Q: Does prompt caching affect output quality?

No. The model produces mathematically identical outputs whether the KV cache was freshly computed or loaded from cache. Caching does not change the computation - it just avoids redoing computation that has already been done. The model does not know whether its KV cache came from a fresh prefill or a cache load.

Interview questions

Q: Your LLM application processes 50,000 requests/day with a 3000-token system prompt. Calculate the cost savings from prompt caching and identify any architectural changes needed.

Without caching: 50,000 × 3,000 = 150M input tokens/day just for the system prompt. At $3/M = $450/day. With caching (90% hit rate, cached at 10% price): 5,000 requests × $3/M × 3K = $45 (cold) + 45,000 × $0.30/M × 3K = $40.50 (cached) = $85.50/day. Saving: ~$365/day or $133K/year. Architectural changes: ensure the system prompt is positioned first in every request (before any dynamic content), use consistent prompt templates without per-request variations, and implement cache warmup on deployment to avoid cold-start costs during traffic spikes.

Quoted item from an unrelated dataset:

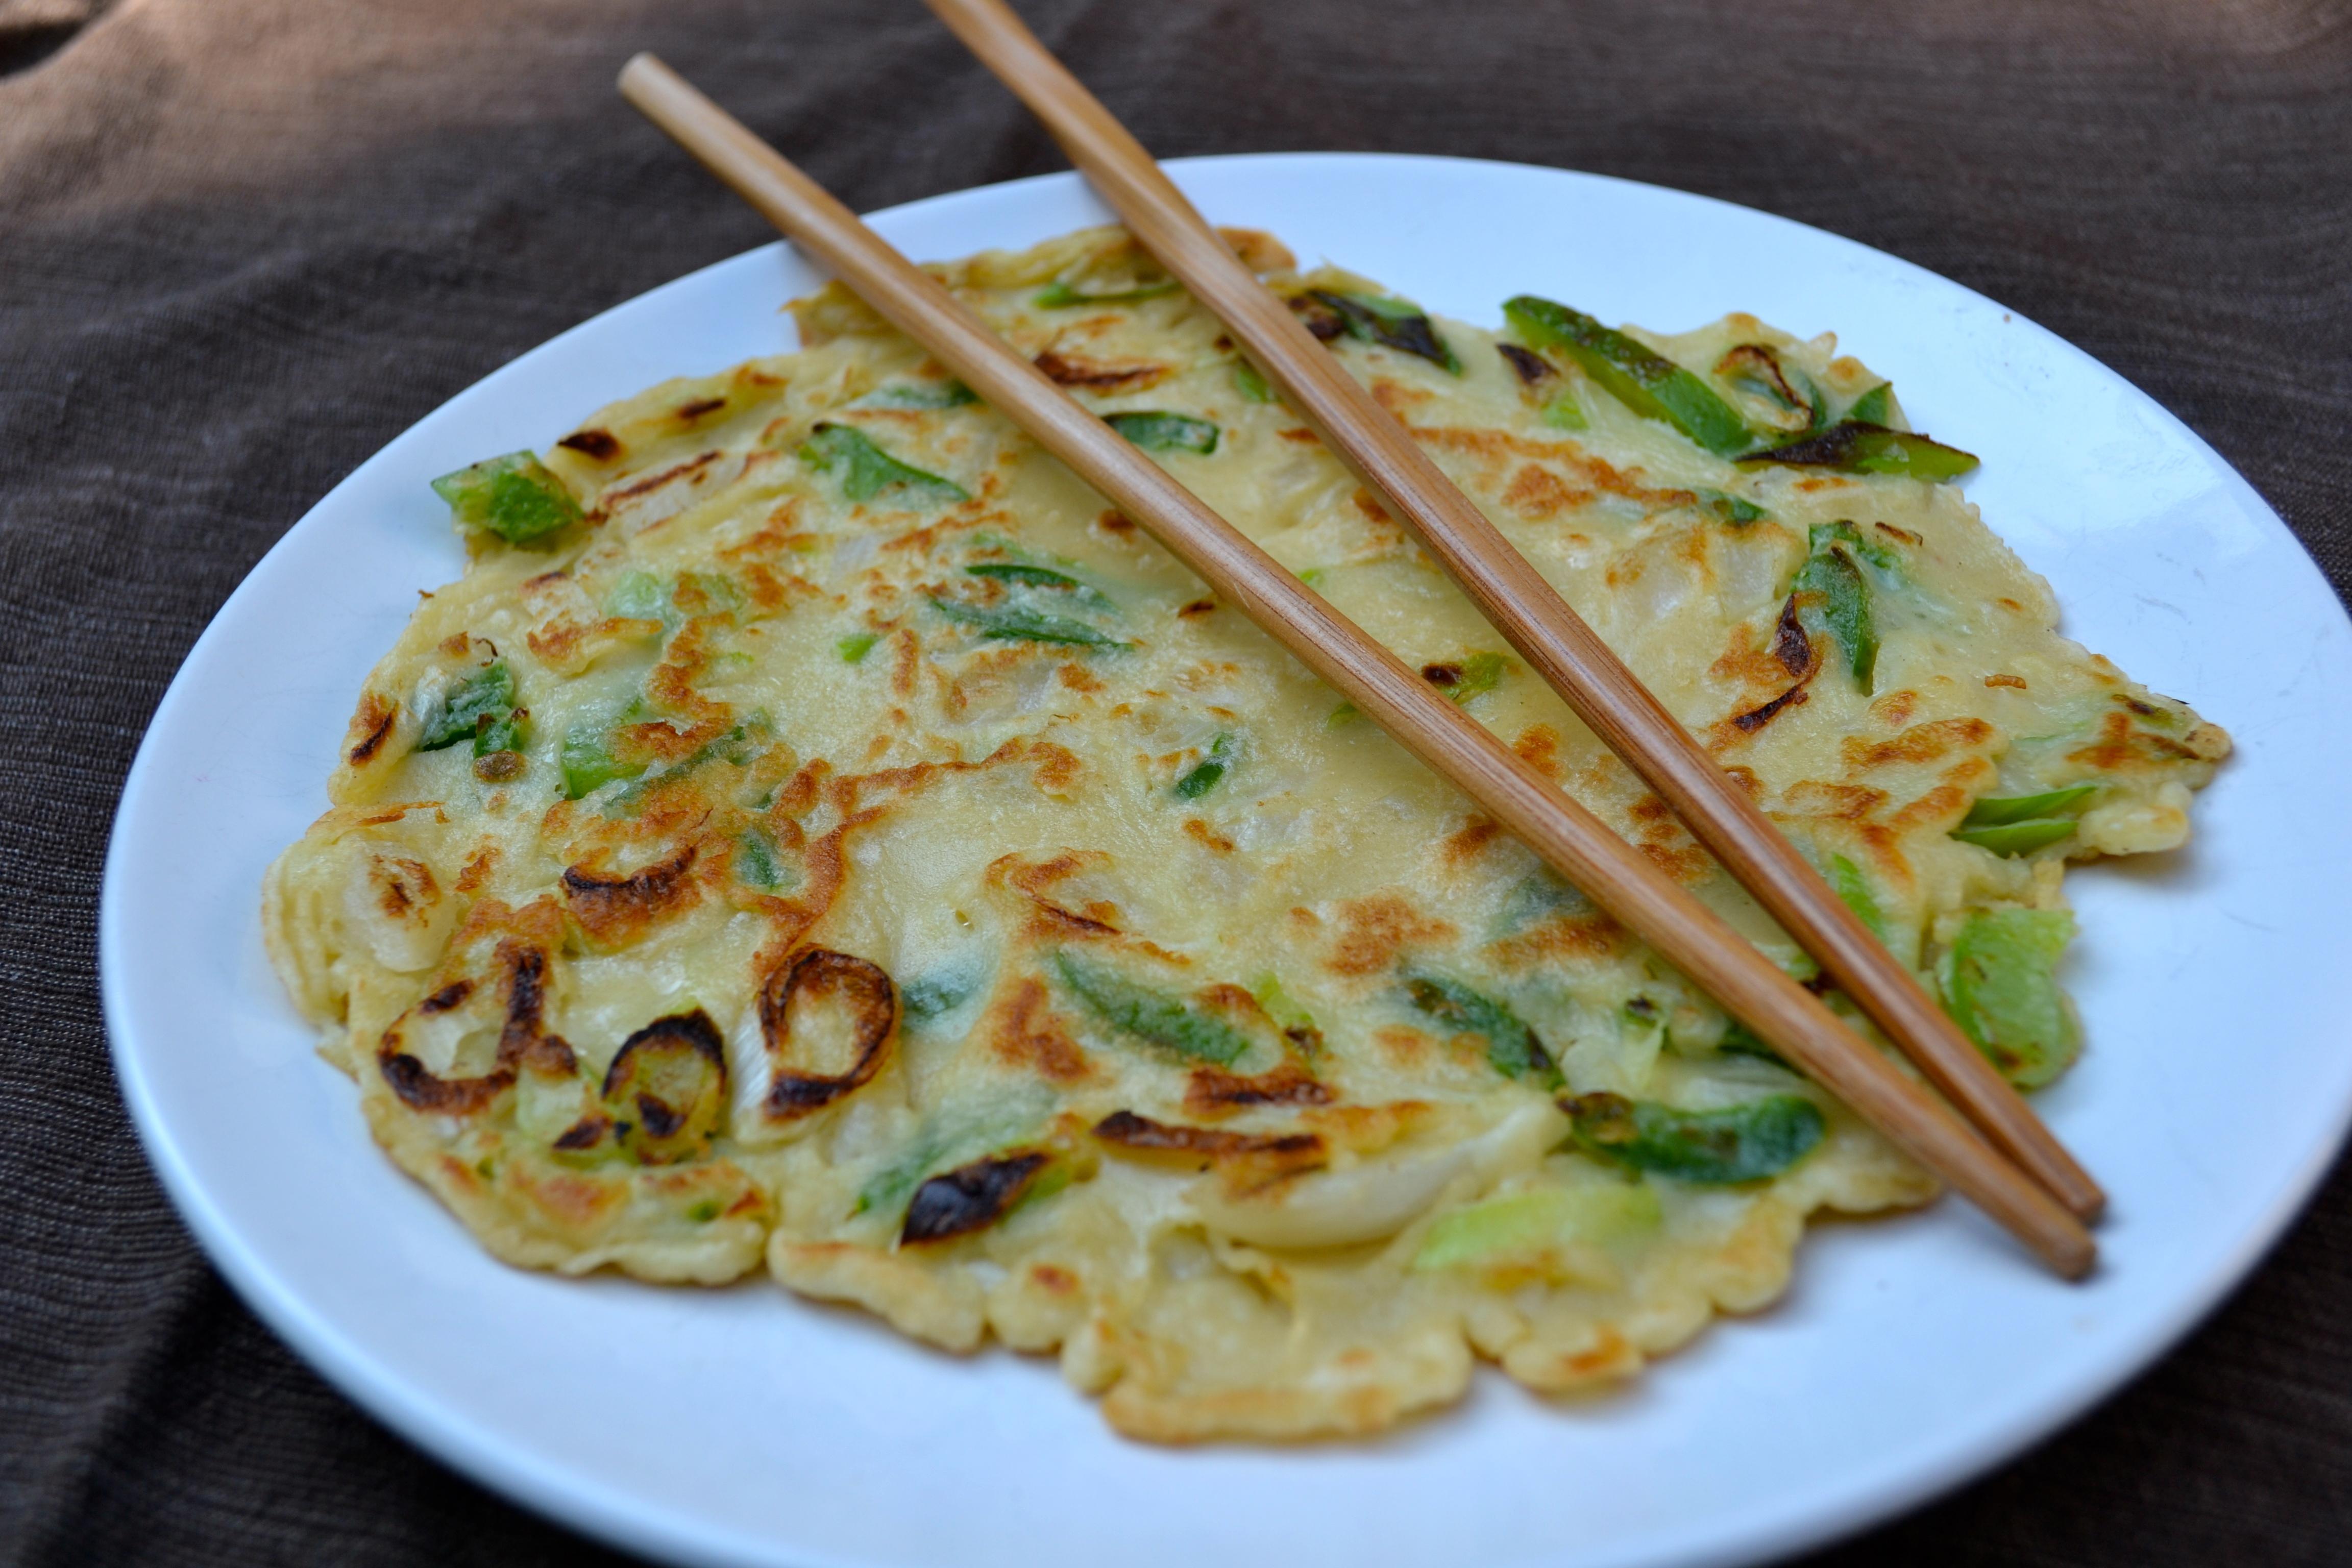 Jalapeno And Green Onion Pancake Lushesfood

Q: You are serving 100 different customers, each with slightly different system prompts (company name, product details, tone preferences). How do you maximize cache hit rates?

Restructure prompts into shared and customer-specific sections: [Large shared system prompt with common instructions][Small customer-specific section][User query]. The large shared section (90% of tokens) gets cached across all customers. Alternatively, templatize: use a single system prompt with slot variables filled from a config, and move customer-specific context to a separate message after the system prompt. If the providers support it, use explicit cache breakpoints to cache the shared portion independently. Evaluate whether the per-customer differences truly need to be in the system prompt or can be in the user message.

Q: Compare prompt caching to fine-tuning as cost optimization strategies. When would you choose each?

Prompt caching: reduces per-request cost of processing long static prompts. Best when you have a large system prompt or many few-shot examples that repeat across requests. Maintains full flexibility - change the prompt instantly. Fine-tuning: encodes knowledge and behavior into model weights, eliminating the need for long prompts entirely. Best when you have stable, well-understood behavior that rarely changes and high volume (thousands of daily requests). Fine-tuning reduces both input tokens (shorter prompts needed) and output tokens (model learns concise response patterns). Choose caching when you need flexibility and fast iteration. Choose fine-tuning when behavior is stable and you need maximum cost/latency reduction at scale. Many production systems use both: fine-tuned model + cached residual system prompt.